2022 journal article

A Truthful Auction for Graph Job Allocation in Vehicular Cloud-Assisted Networks


author keywords: Vehicular cloud-assisted networks; truthful auction; graph job allocation; subgraph isomorphism
Source: Web Of Science
Added: September 12, 2022

Vehicular cloud computing has been emerged as a promising solution to fulfill users’ demands on processing computation-intensive applications in modern driving environments. Such applications are commonly represented by graphs consisting of components and edges. However, encouraging vehicles to share resources poses significant challenges owing to users’ selfishness. In this paper, an auction-based graph job allocation problem is studied in vehicular cloud-assisted networks considering resource reutilization.
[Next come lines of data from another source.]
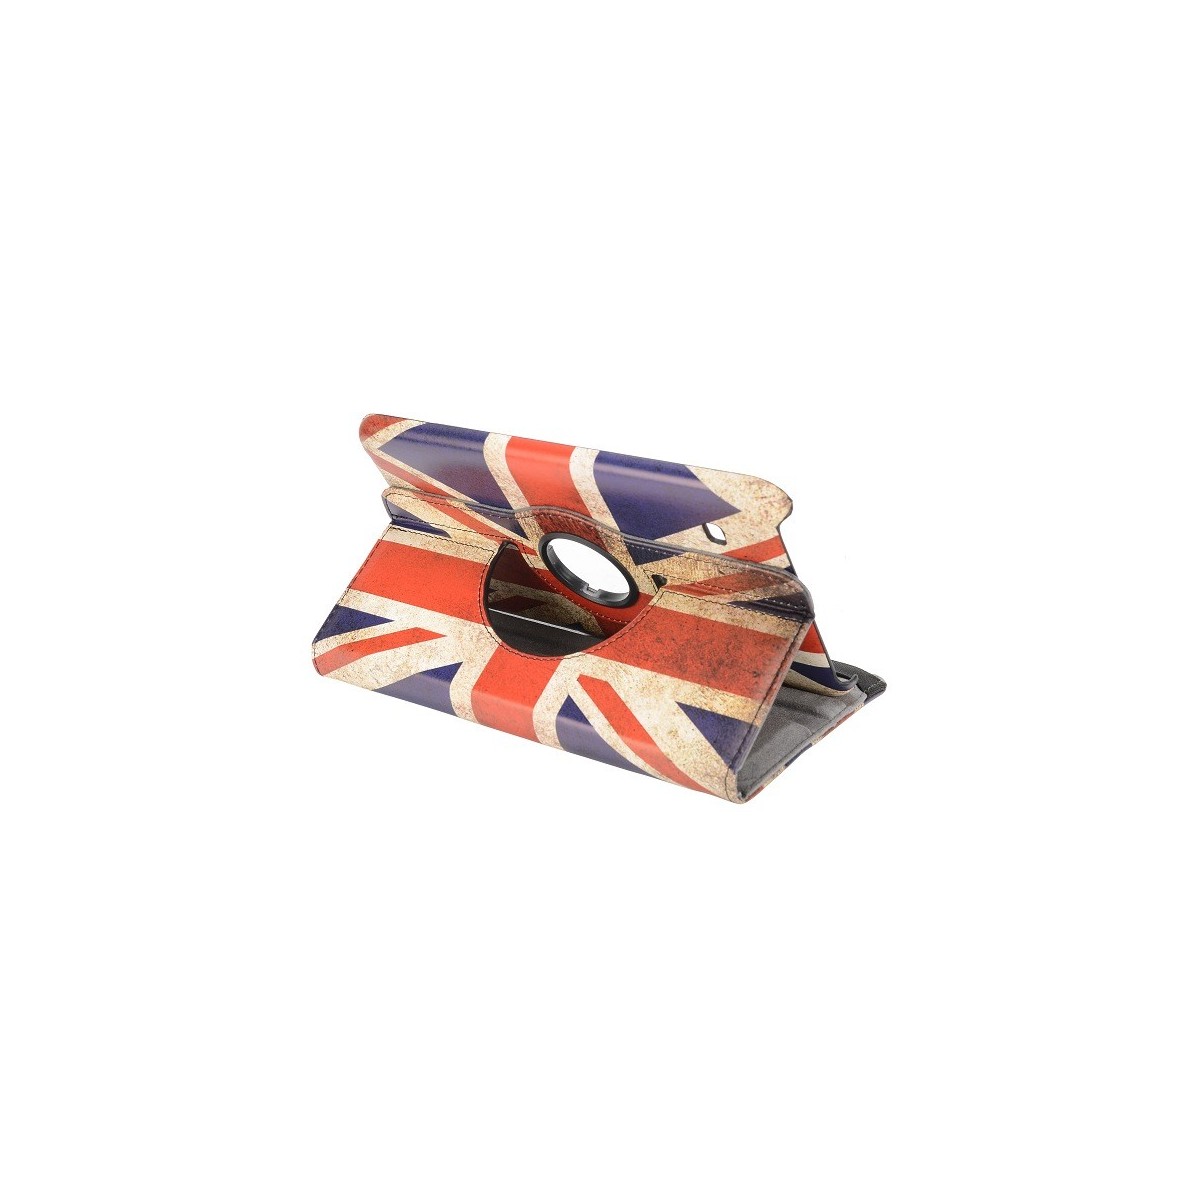 Etui Galaxy Tab 4 8.0 rotatif 360° drapeau UK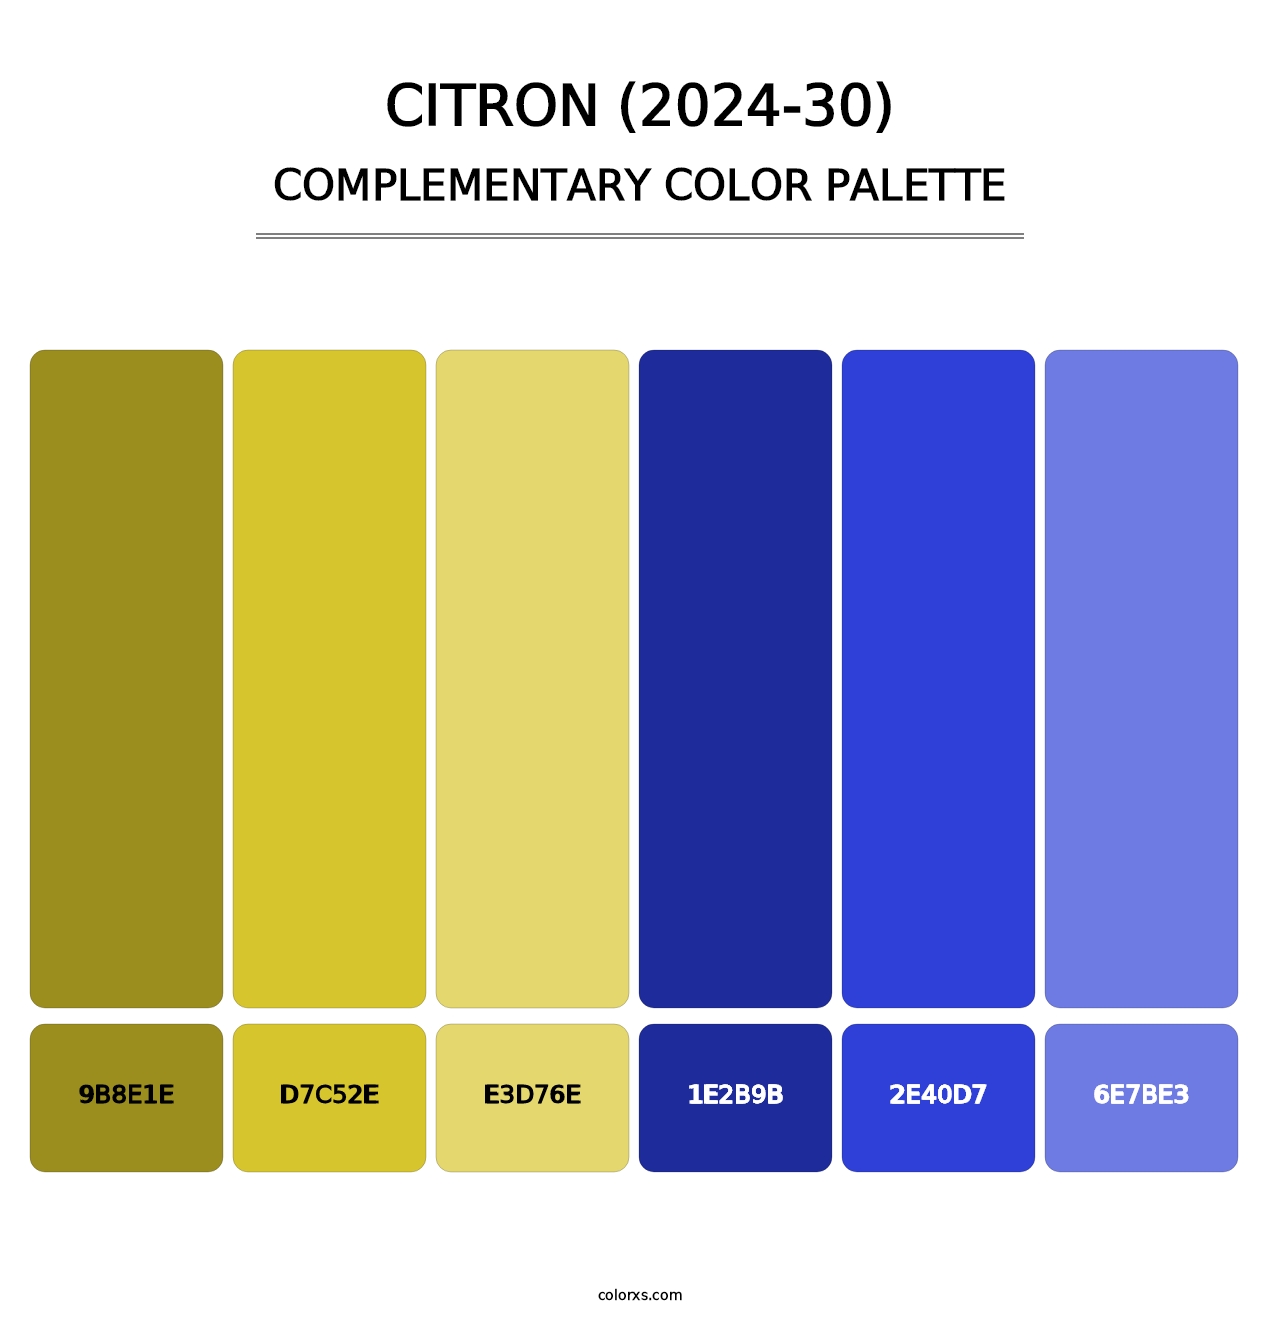 Citron (2024-30) - Complementary Color Palette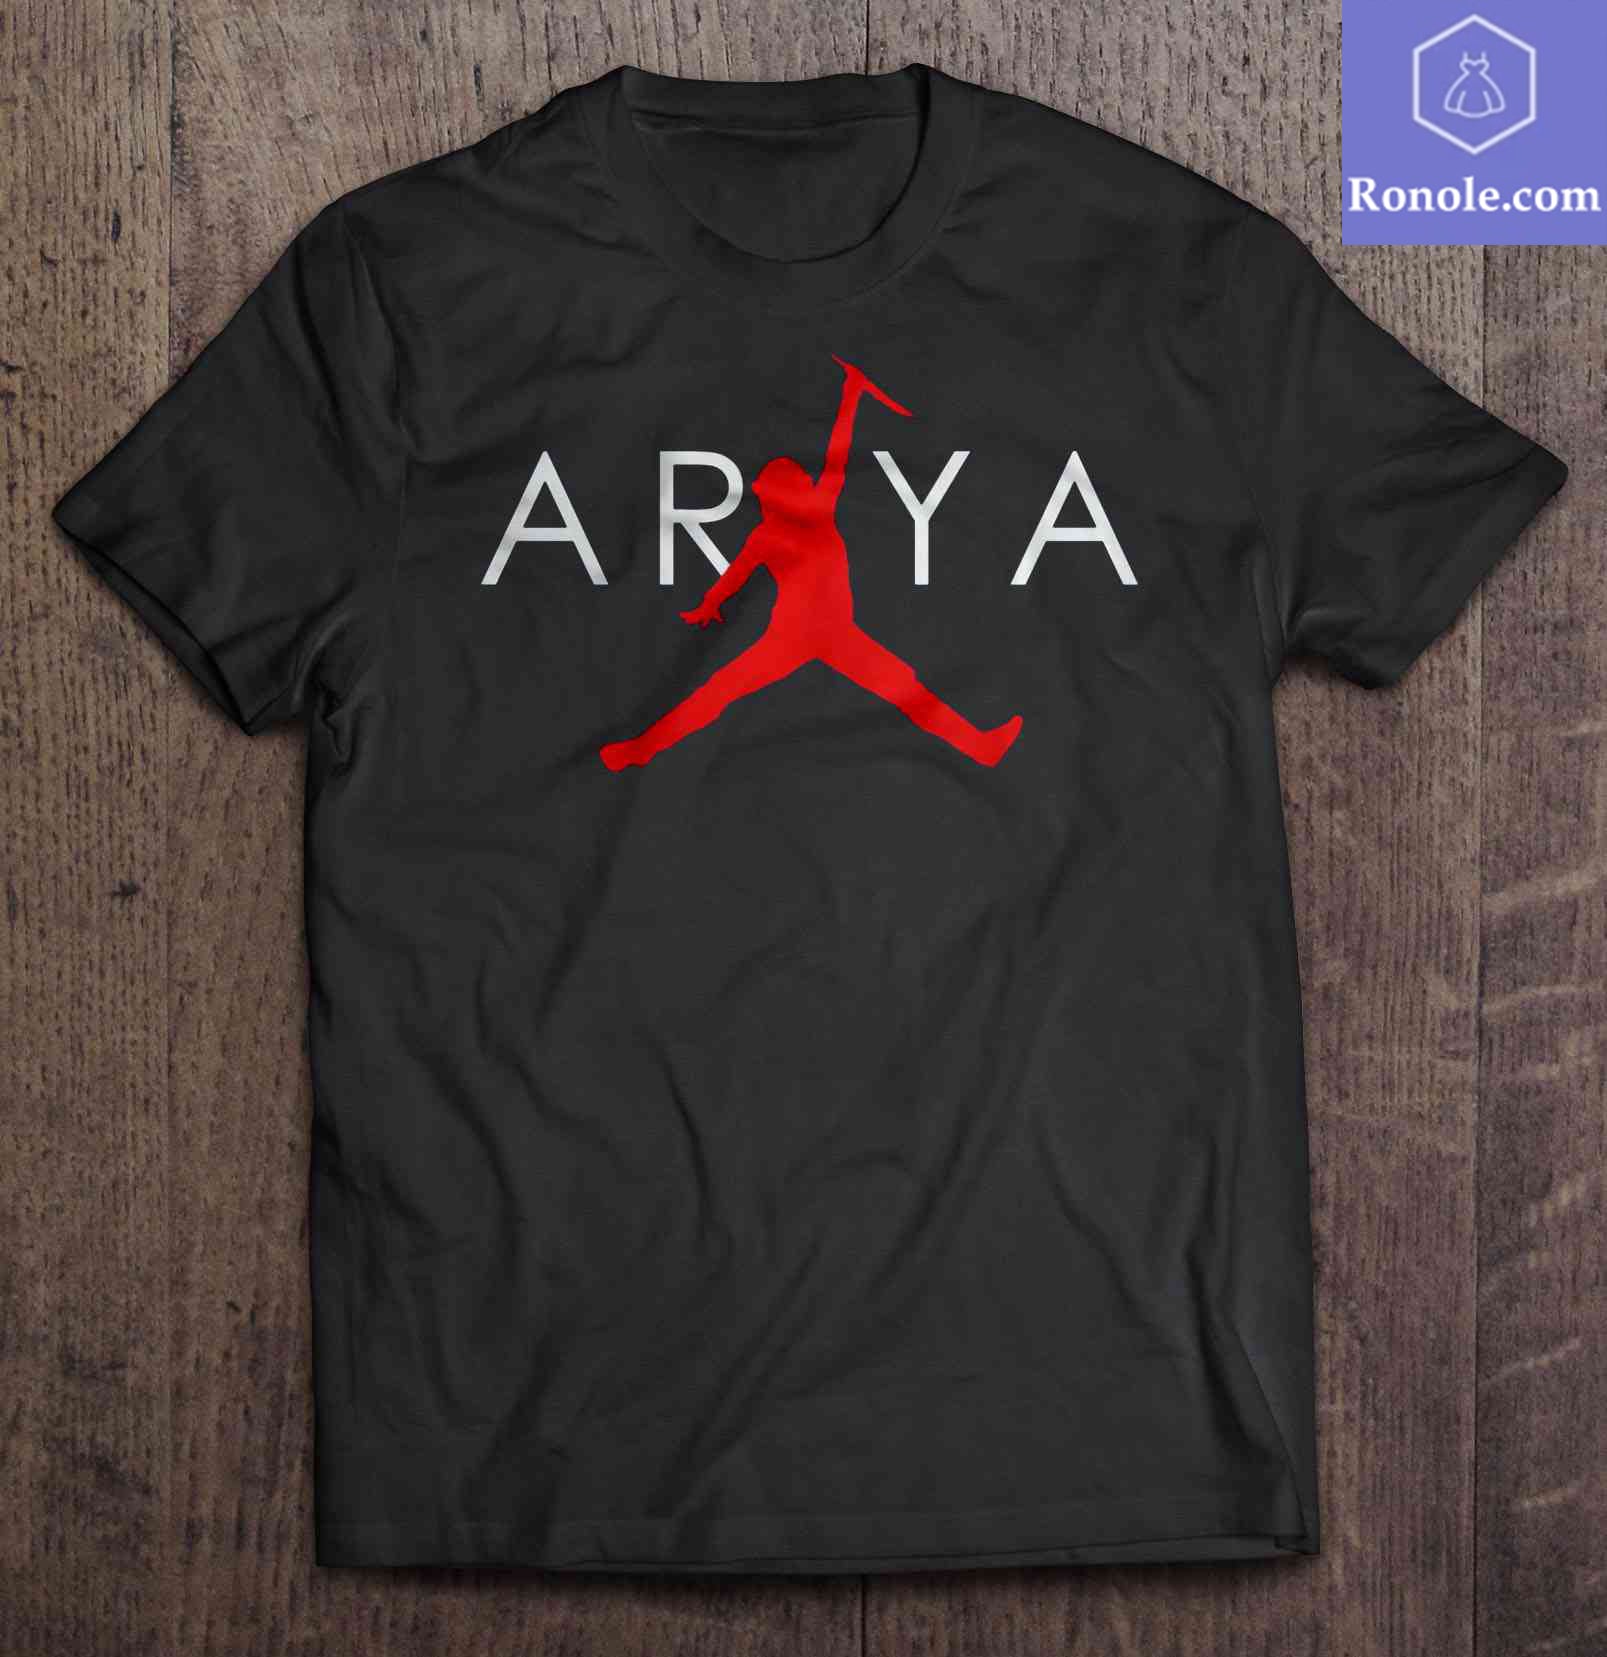 arya t shirt jordan

Our goal is to map each buyer (component) to a feasible seller (virtual machine) while maximizing the buyers’ utility-of-service, which concerns the execution time and commission cost. First, we formulate the auction-based graph job allocation as a 0-1 integer programming (0-1 IP) problem. Then, a Vickrey-Clarke-Groves based payment rule is proposed which satisfies the desired economical properties, truthfulness and individual rationality. We face two challenges: 1) the abovementioned 0-1 IP problem is NP-hard; 2) one constraint associated with the IP problem poses addressing the subgraph isomorphism problem. Thus, obtaining the optimal solution is practically infeasible in large-scale networks. Motivated by which, we develop a structure-preserved matching algorithm by maximizing the utility-of-service-gain, and the corresponding payment rule which offers economical properties and low computation complexity. Extensive simulations demonstrate that the proposed algorithm outperforms the contrast methods considering various problem sizes.